Segment Open

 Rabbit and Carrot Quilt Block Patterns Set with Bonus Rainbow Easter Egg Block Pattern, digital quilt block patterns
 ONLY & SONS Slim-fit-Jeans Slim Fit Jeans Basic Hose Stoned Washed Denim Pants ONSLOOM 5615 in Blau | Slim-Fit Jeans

Segment Closed
Segment Open

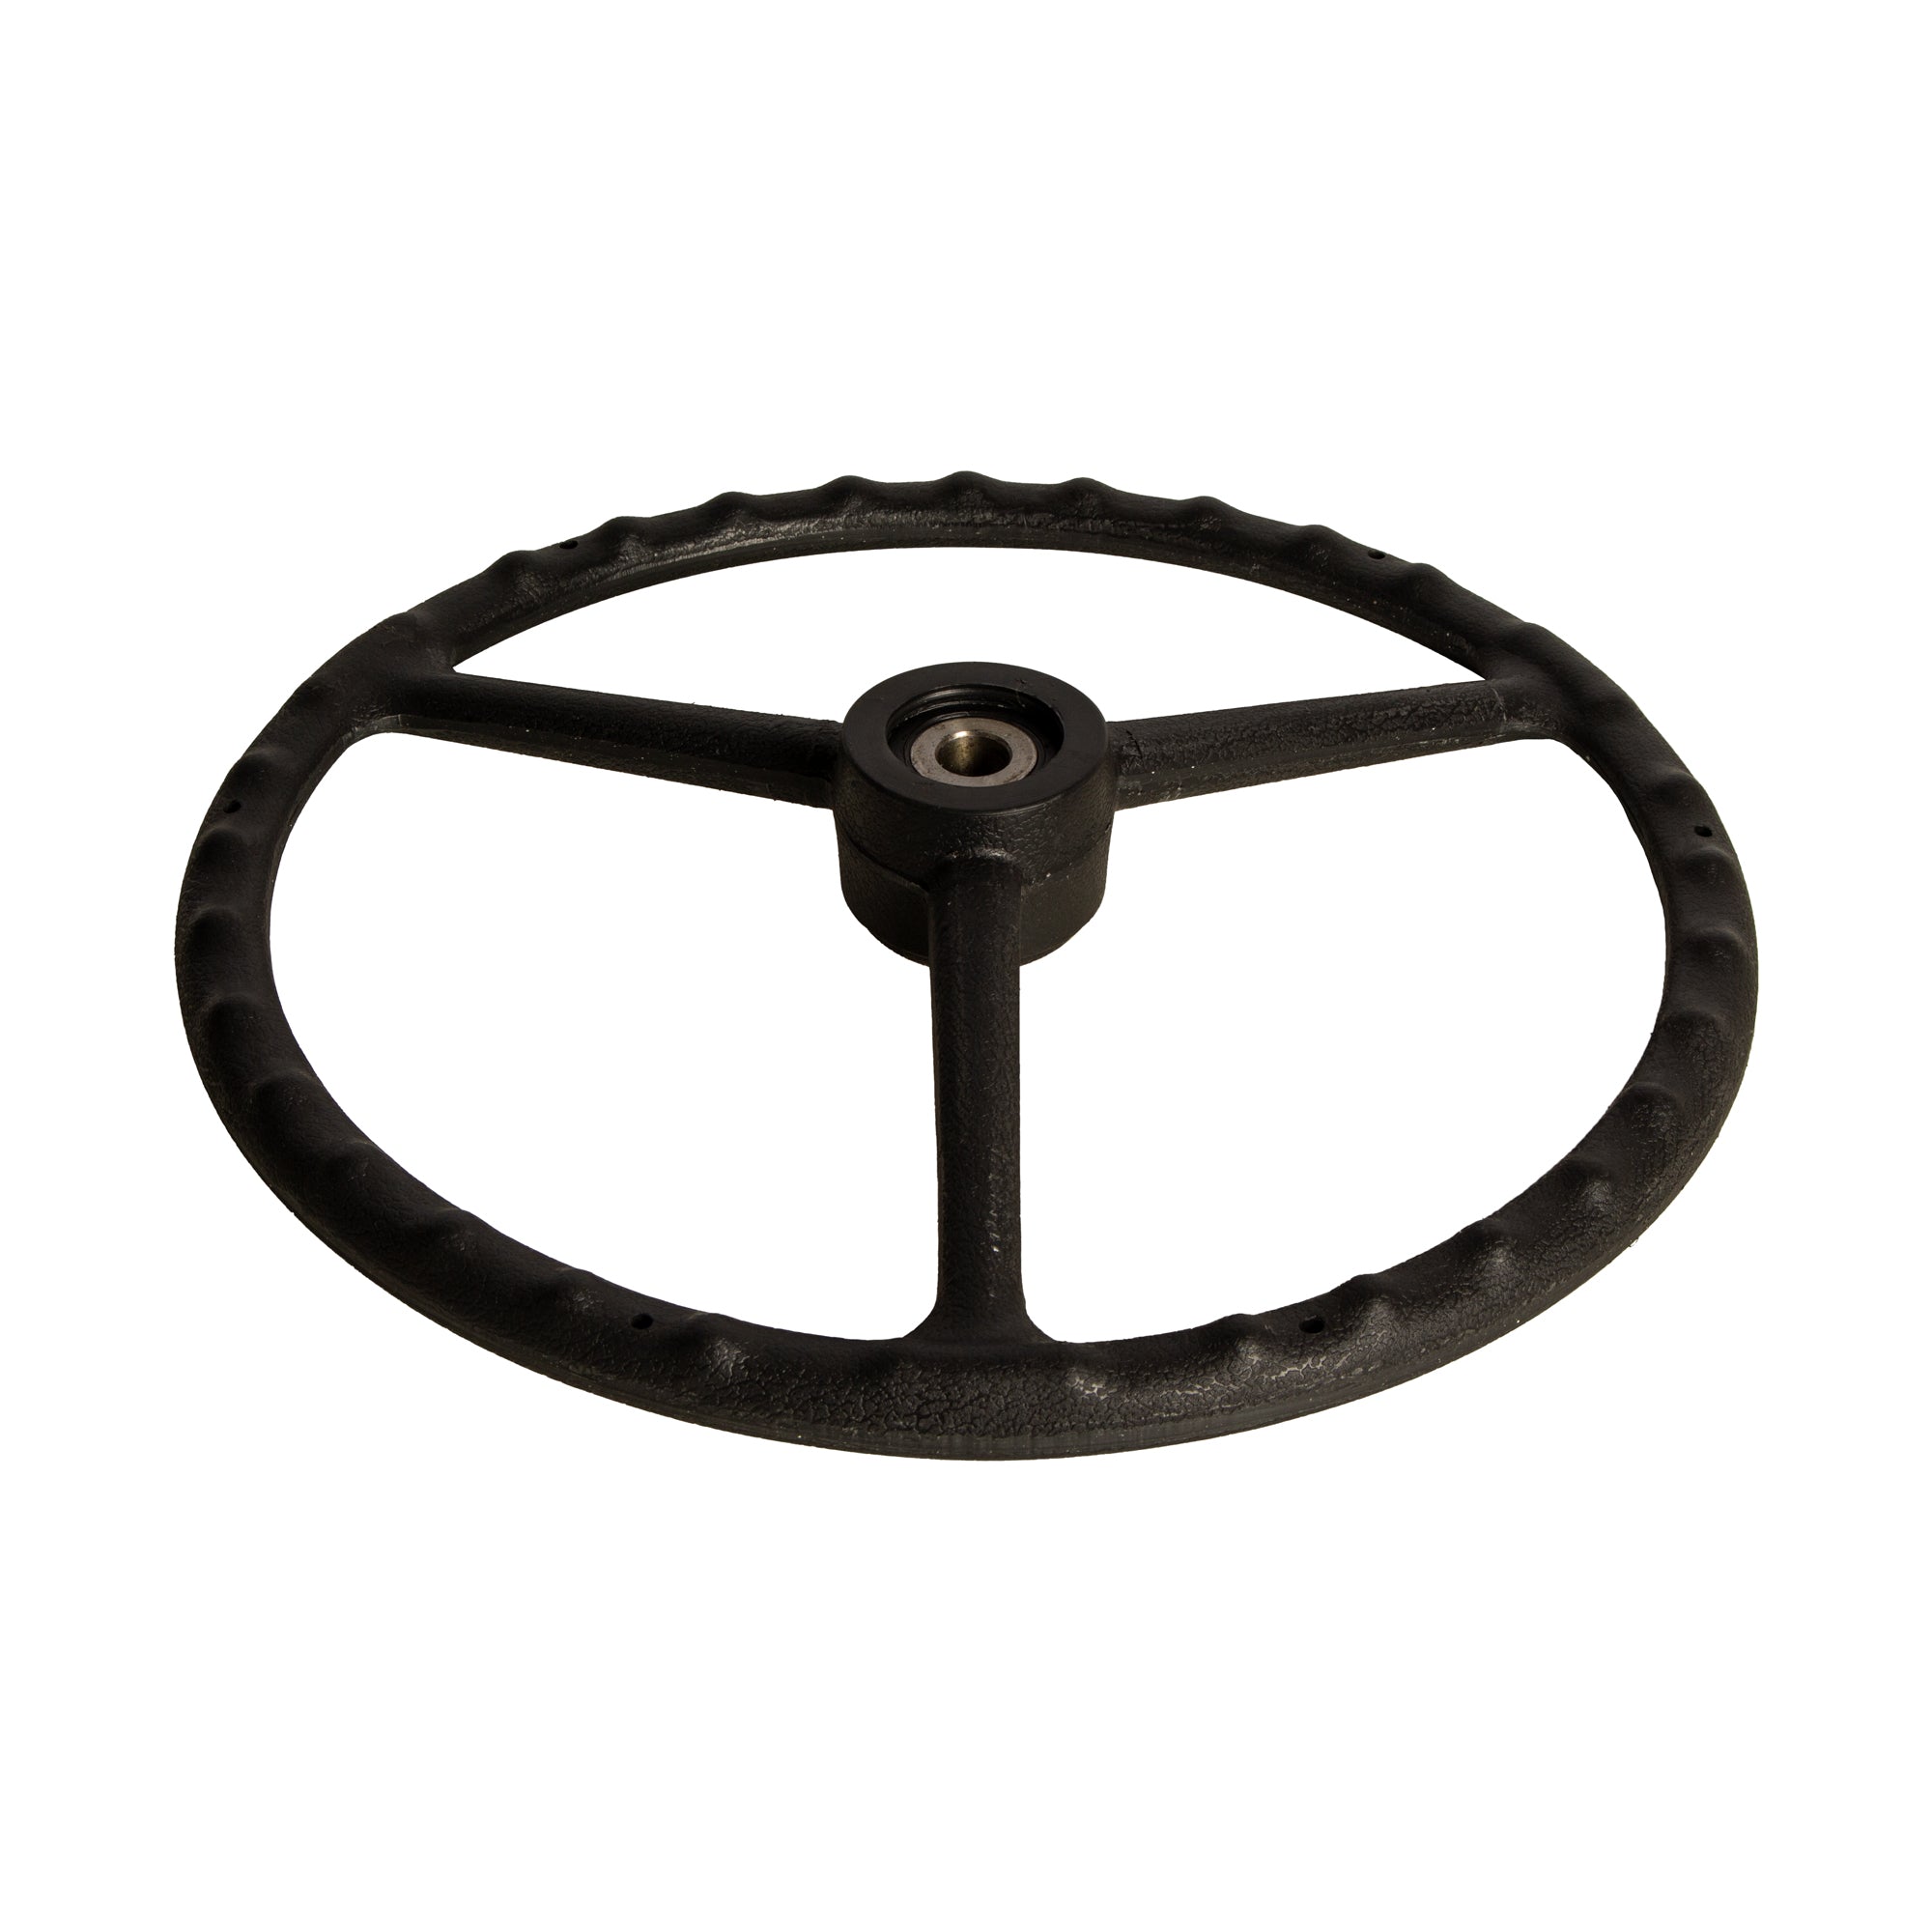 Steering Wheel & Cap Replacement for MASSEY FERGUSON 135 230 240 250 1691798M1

Segment Closed
Segment Open

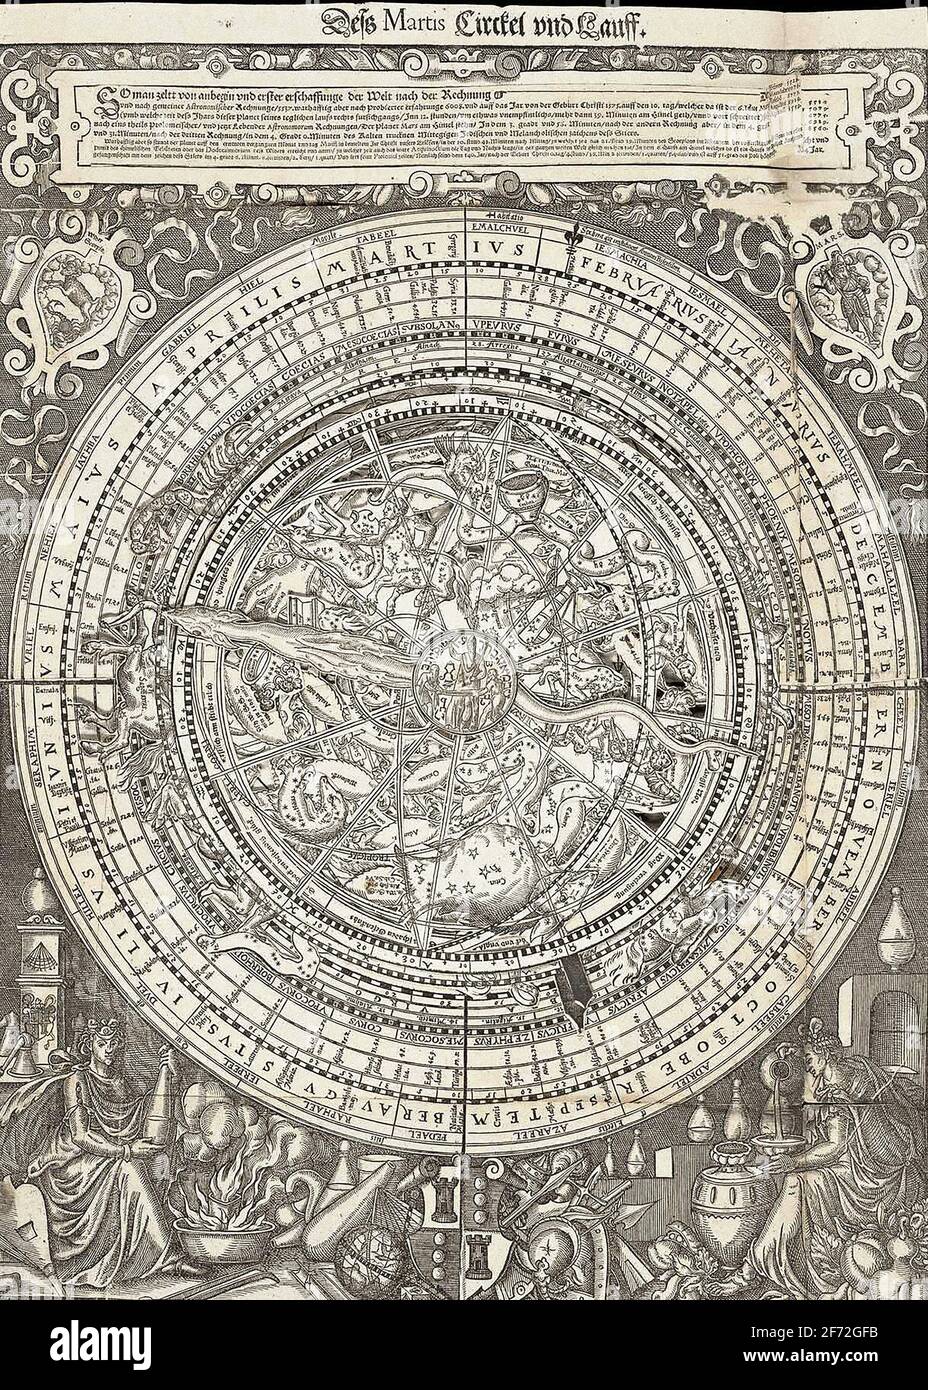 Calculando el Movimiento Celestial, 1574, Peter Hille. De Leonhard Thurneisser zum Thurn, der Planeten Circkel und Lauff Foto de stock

Segment Closed

* **Assignment**
Proceeding from the line containing "Rabbit and Carrot" through the line containing "ONLY & SONS", transcribe the lines above exactly, both end lines included.

* **Task answer**
 Rabbit and Carrot Quilt Block Patterns Set with Bonus Rainbow Easter Egg Block Pattern, digital quilt block patterns
 ONLY & SONS Slim-fit-Jeans Slim Fit Jeans Basic Hose Stoned Washed Denim Pants ONSLOOM 5615 in Blau | Slim-Fit Jeans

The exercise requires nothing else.